Another approach, trying to incorporate time until the event, is to use ordinary regression and the dependent variable is a counter of time until churn. This is problematic because a decision has to be made about those that did NOT churn. What will be done with them? Delete them? Give them the shortest churn value? Give them the longest churn value? Depending on the percentage of those not churning, each of these three solutions is very poor.

The only appropriate technique in terms of time until an event, taking into account those that had as well as those that did not have the event, is survival modeling. It was specifically designed for time until event problems (originally time until death). It also, through partial likelihood techniques, accounts for those that have as well as those that did not have the event. That means it solves both of the above problems.

So, using survival modeling on churn problems is suggestion number one. Suggestion number two is to do segmentation by causes of churn and then do a specific (potentially different) model on each segment.

It is critical that the segmentation be about what CAUSES churn, not churn itself. That is, do not use churn as a segmenting variable. Churn is a result, not a cause.

Hypothesizing what causes churn is a good first step. Using telecom as an example what can cause churn? Dropped calls from a weak network can cause subscribes to change providers. What else? A high bill can cause churn. The high bill can be because of the number of lines and the number of features a subscriber has and the result is a higher than expected bill so they churn. Another cause of high bills might be high usage, from minutes or data, etc. and this higher than expected bill can cause churn. Say there are these three segments for simplicity. Note that each segment has a different cause of churn.

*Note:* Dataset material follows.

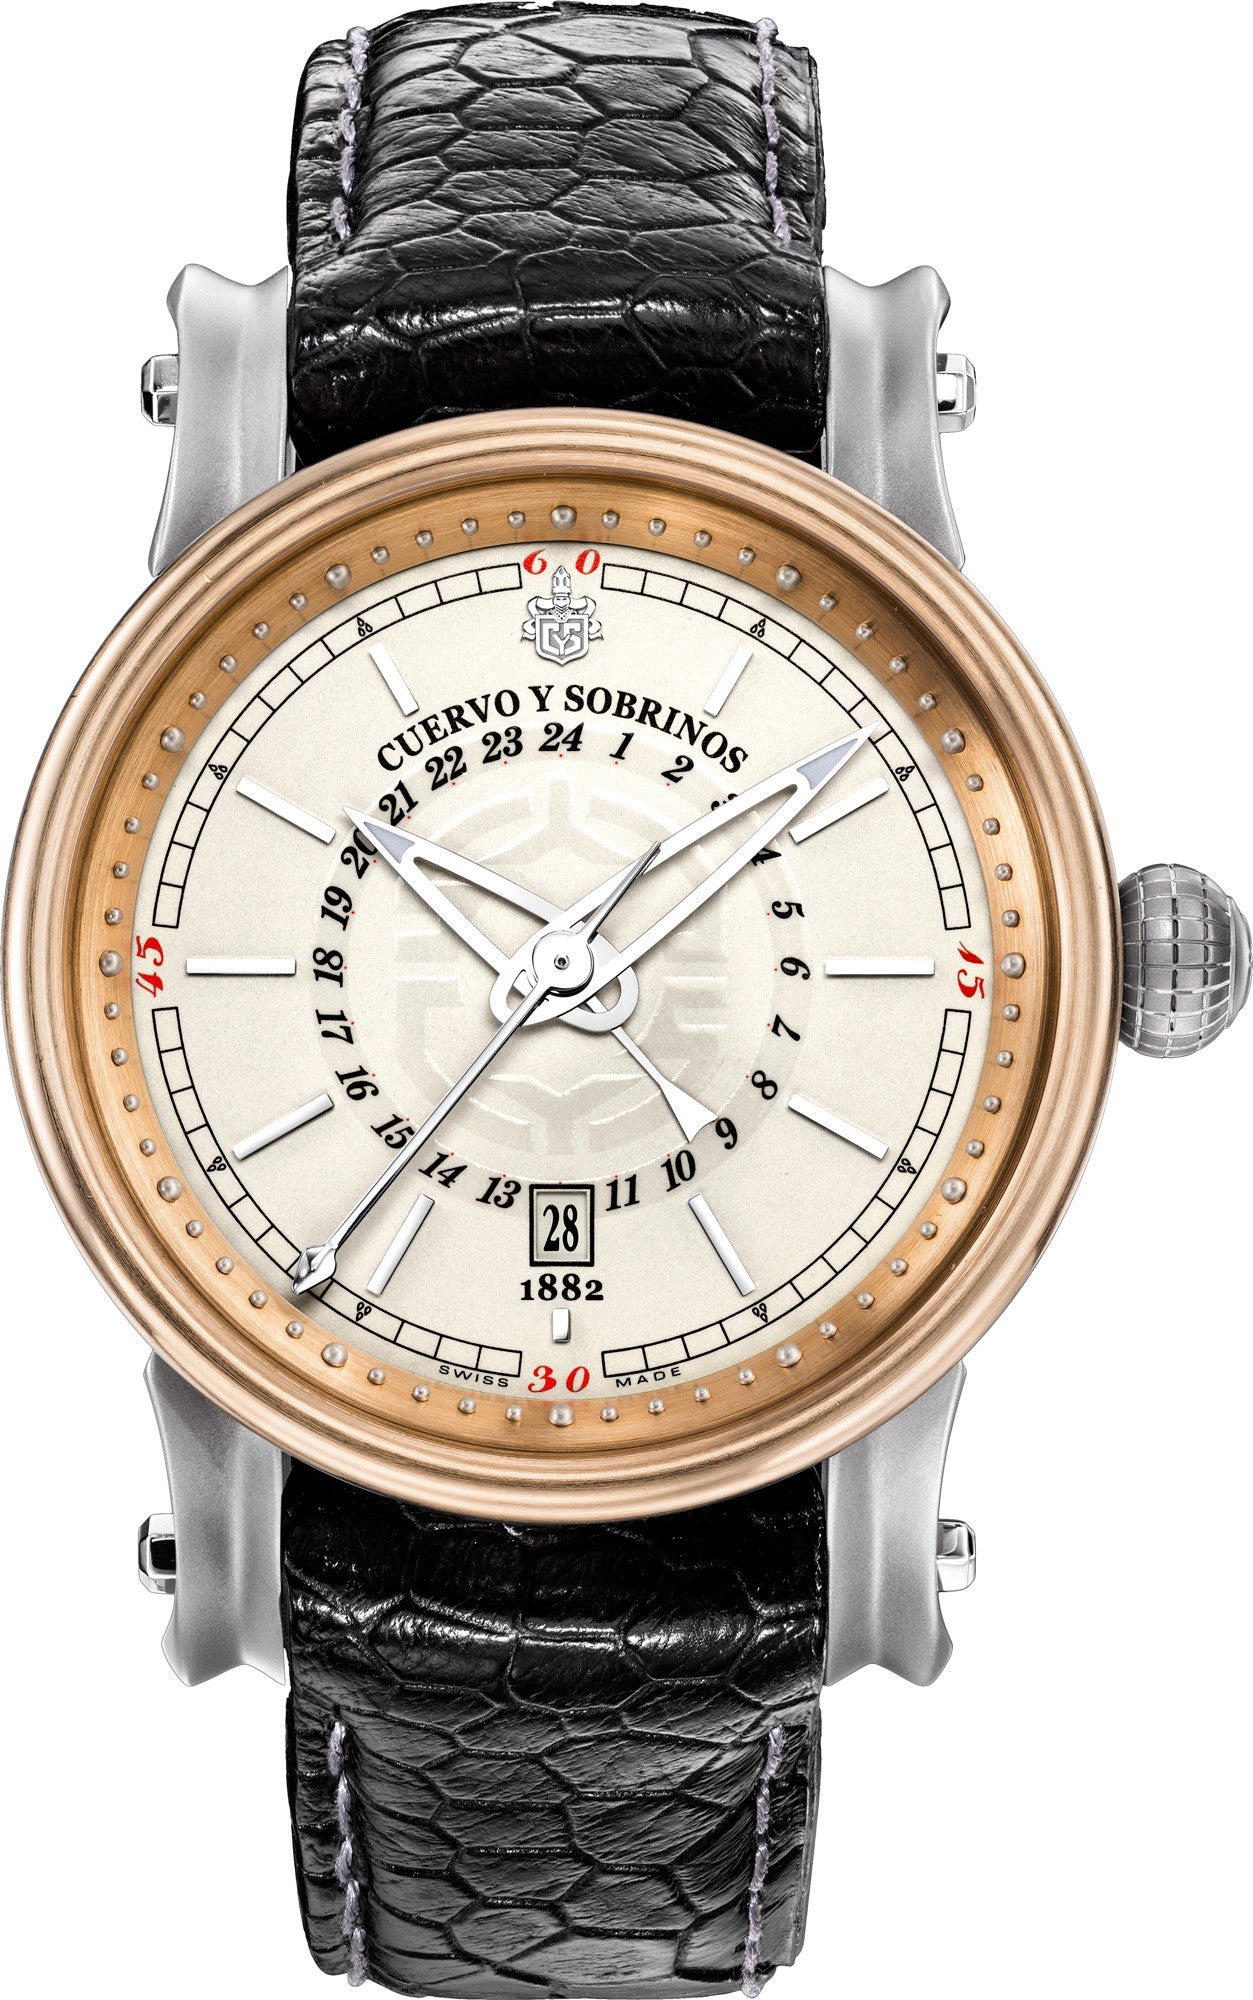 Cuervo y Sobrinos Watch Torpedo Pirata GMT Bronze 3052.5WGMT Watch ...
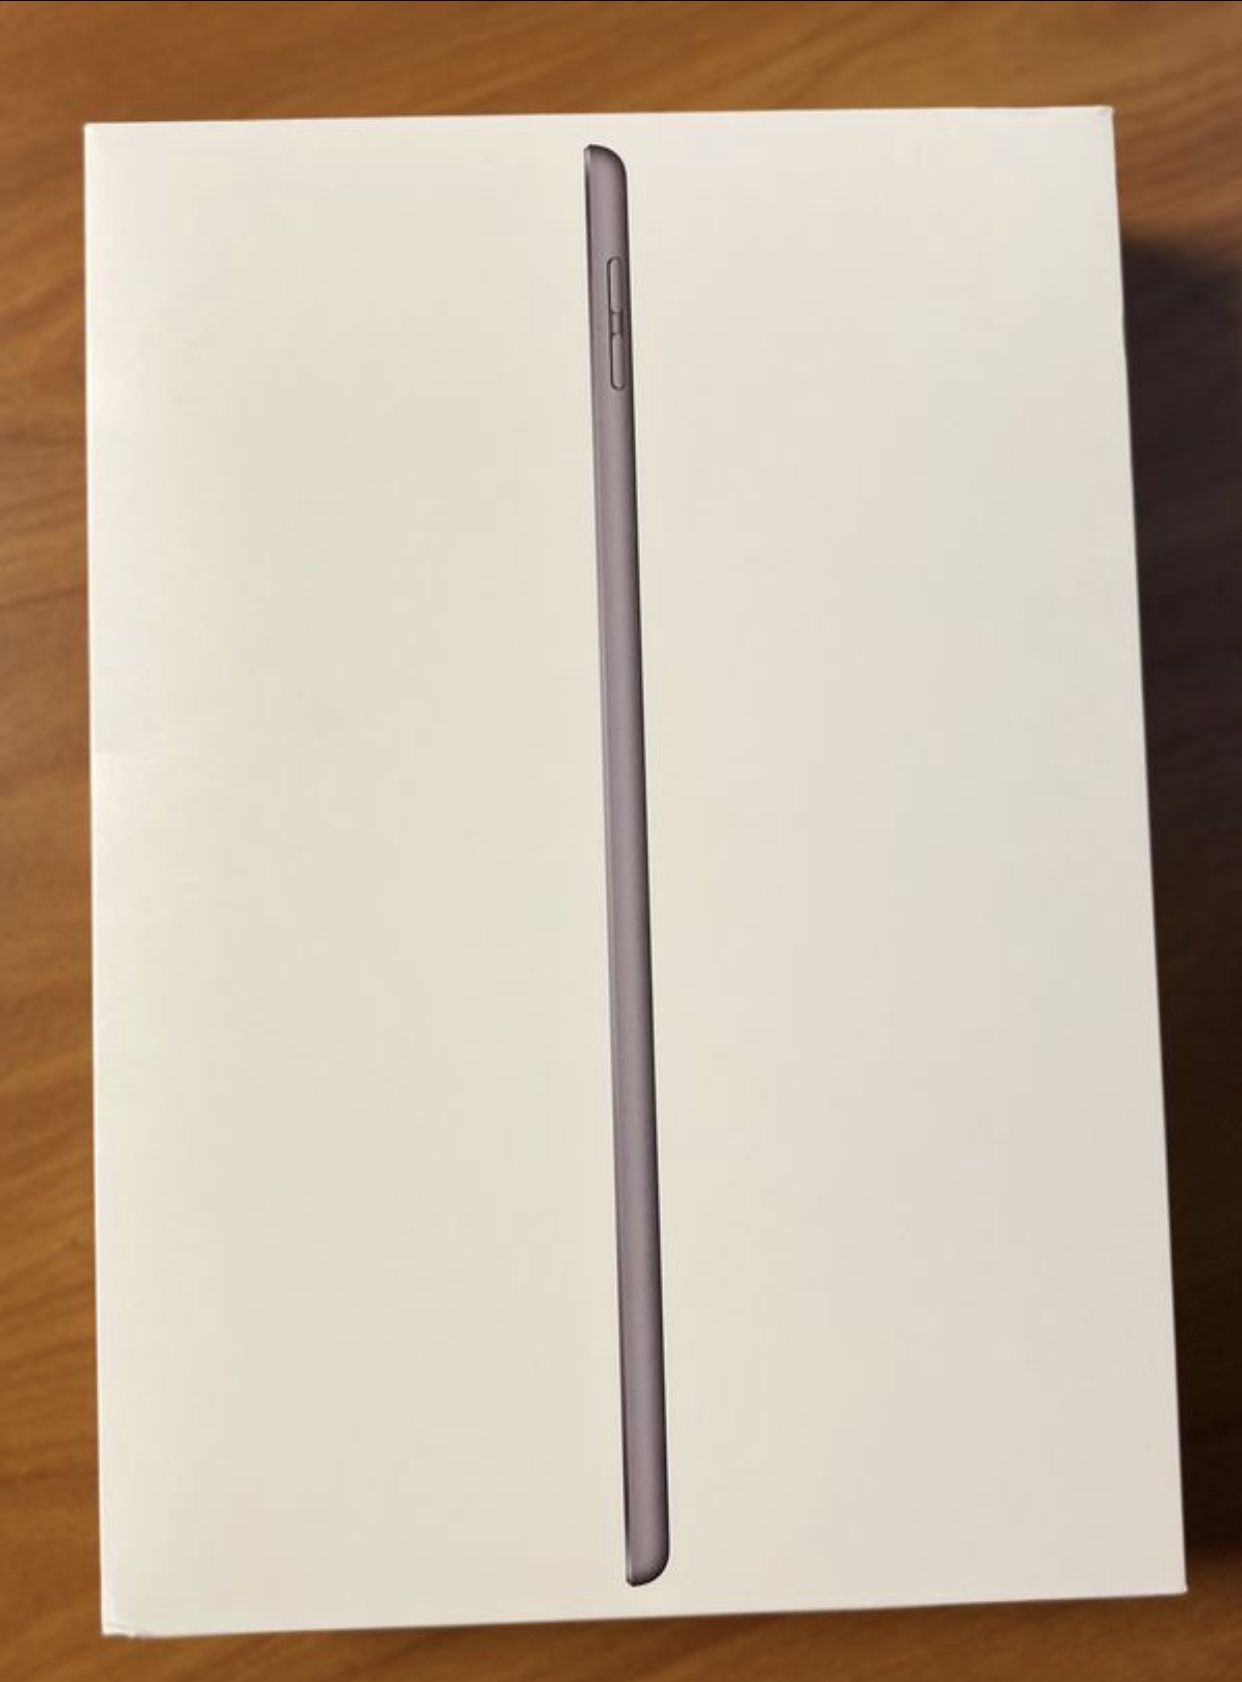 iPad 7th Gen, 128gb (Brand new) w/ Apple Pencil

The idea now is to do a survival model for each segment. There will be three survival models. One will show dropped calls decreases the time until churn drastically in segment 1, but does not do much to impact segment 2. This is because segment 2 is not sensitive to dropped calls, but sensitive to a higher bill. The way to slow down churn in segment 2 is to offer say a discount and an average billing plan, etc. Note that a discount to the dropped call segment will not likely be very effective. This is why a causal segmentation is recommended: there are different actions by segment. Note that if one survival model was applied to everyone, these individual actions would be weaker and diluted.

Note also that not only does this approach provide a time until churn estimate (a list of those at risk ranked by time) by segment, it provides a way to CHANGE that time until churn. Looking again at segment 2, which is sensitive to high bills, one obvious action is to offer them a discount. Given that survival modeling is a regression like equation, the amount of discount can be an independent variable. This means there is a coefficient on how a discount effects the time until churn. Say a 5% discount tends to push out the time until churn by 6 months. Now there is an ROI. It costs 5% and the additional 6 months the subscriber stays on the system is the return. So an ROI can be calculated and a business case provided.

The above was meant as a simple note on a process that works. Churn modeling is critical for many industries and deserves appropriate and actionable insights.